Dealing with Microsoft products feels like 40K: the company releases constant updates to fix critical flaws that weren't identified when software was being written, and has now moved to a model of forcing those updates onto the average home user and rebooting computers whenever they damn well feel like to accomplish it. Because they haven't bothered to figure out a way of patching Windows without reboots, they've instead opted to turn the PC into a malignant entity that actively fights their customers -- which you're probably familiar with if you've ever had someone turn up with a laptop but not be able to use it when they need to because it gets stuck applying updates and rebooting. It's no wonder more people are opting to buy non-Windows devices.

Interface-wise, a dark grey for title bars and ClassicShell allowing lighter taskbar colours and providing a few other tweaks gives an almost acceptable classic theme replacement.

As far as control over updates is concerned, I haven't yet seen any software that will automatically set all wi-fi connections as metered and therefore prevent Windows from latching onto the available bandwidth like a junkie. The policy and registry settings available in other version of Windows 10 don't work with Home.
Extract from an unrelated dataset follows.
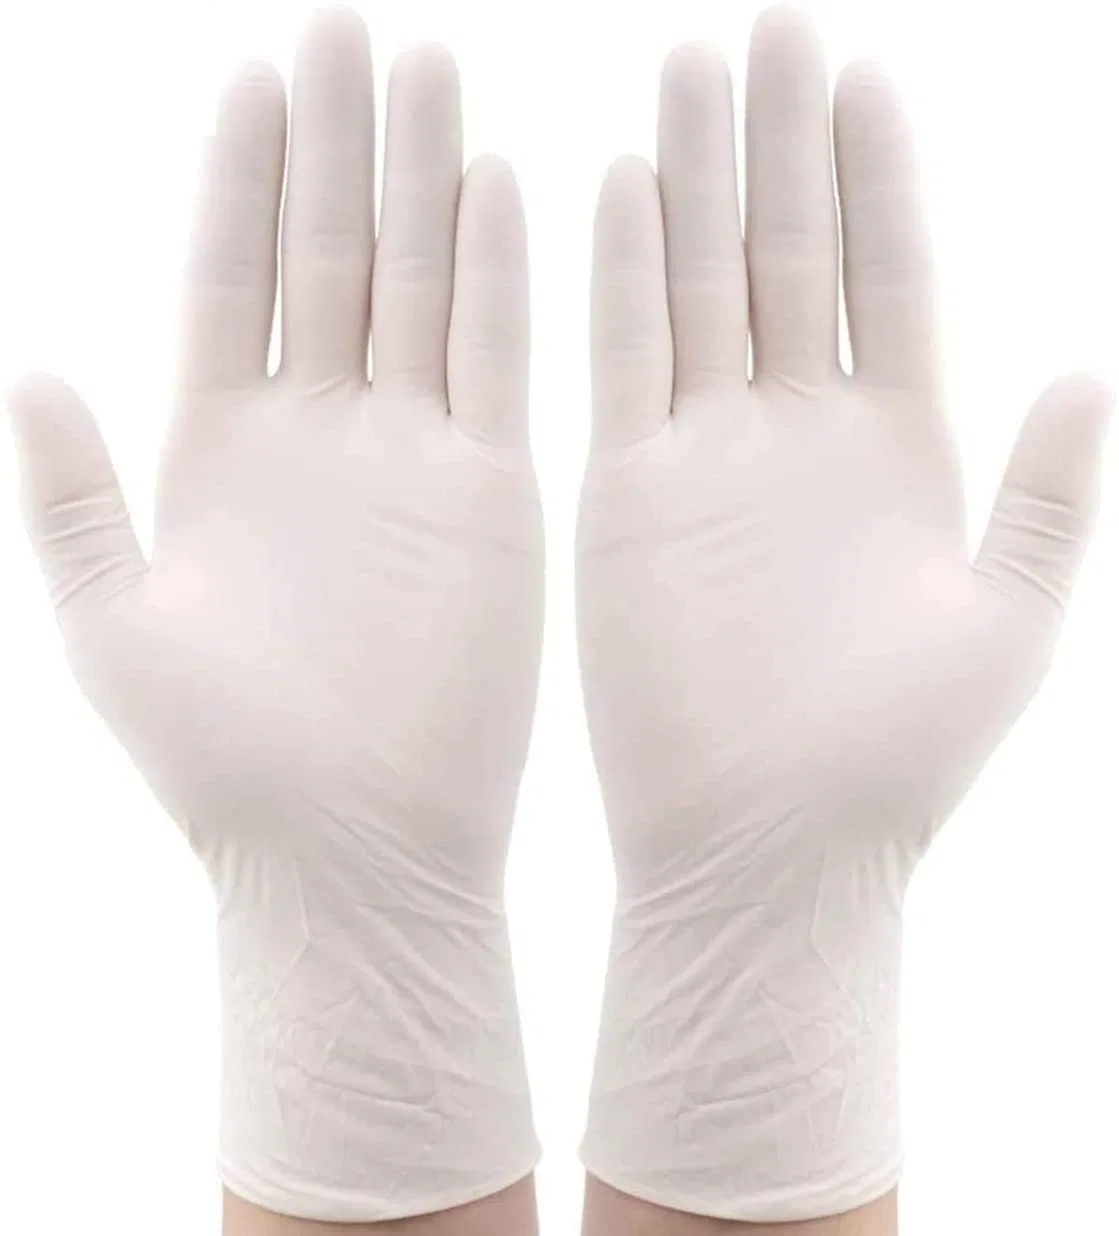 Siny Горячая продажа одноразовая медицинская поставка гладкая Pockмаркированные стерильные хирургические Клиника Парамедийные перчатки

So as a simpler approach, I'm only running the Windows Update service when it's convenient to do so.

The AutoHotKey script below creates a tray icon with a menu option to toggle the service, and double-clicking will open the appropriate Settings page. I've saved it as wumgmt.ahk and run at startup.

Windows Defender isn't automating scheduled scans either, which required rooting around in Task Scheduler. Like with updates, you can see why Microsoft wants to take control away from home users by default... but the level of disregard for users and potential for people to come back to restarted PCs and to have lost work is thoroughly disgusting.

Update 15/03/2016: Microsoft seems to have moved to pushing Windows 10 as a "recommended" update which means a lot more people are becoming collateral damage. In addition to the other problems, there are many reports of software no longer working because it isn't compatible with 10. GWX Control Panel is worth looking at whilst we wait to see if any of the legal threats against Microsoft get organised enough to provoke backtracking.

Update 14/04/2016: small script tweak to disable/enable the service as well as stop/start. Potestas Omnissiah.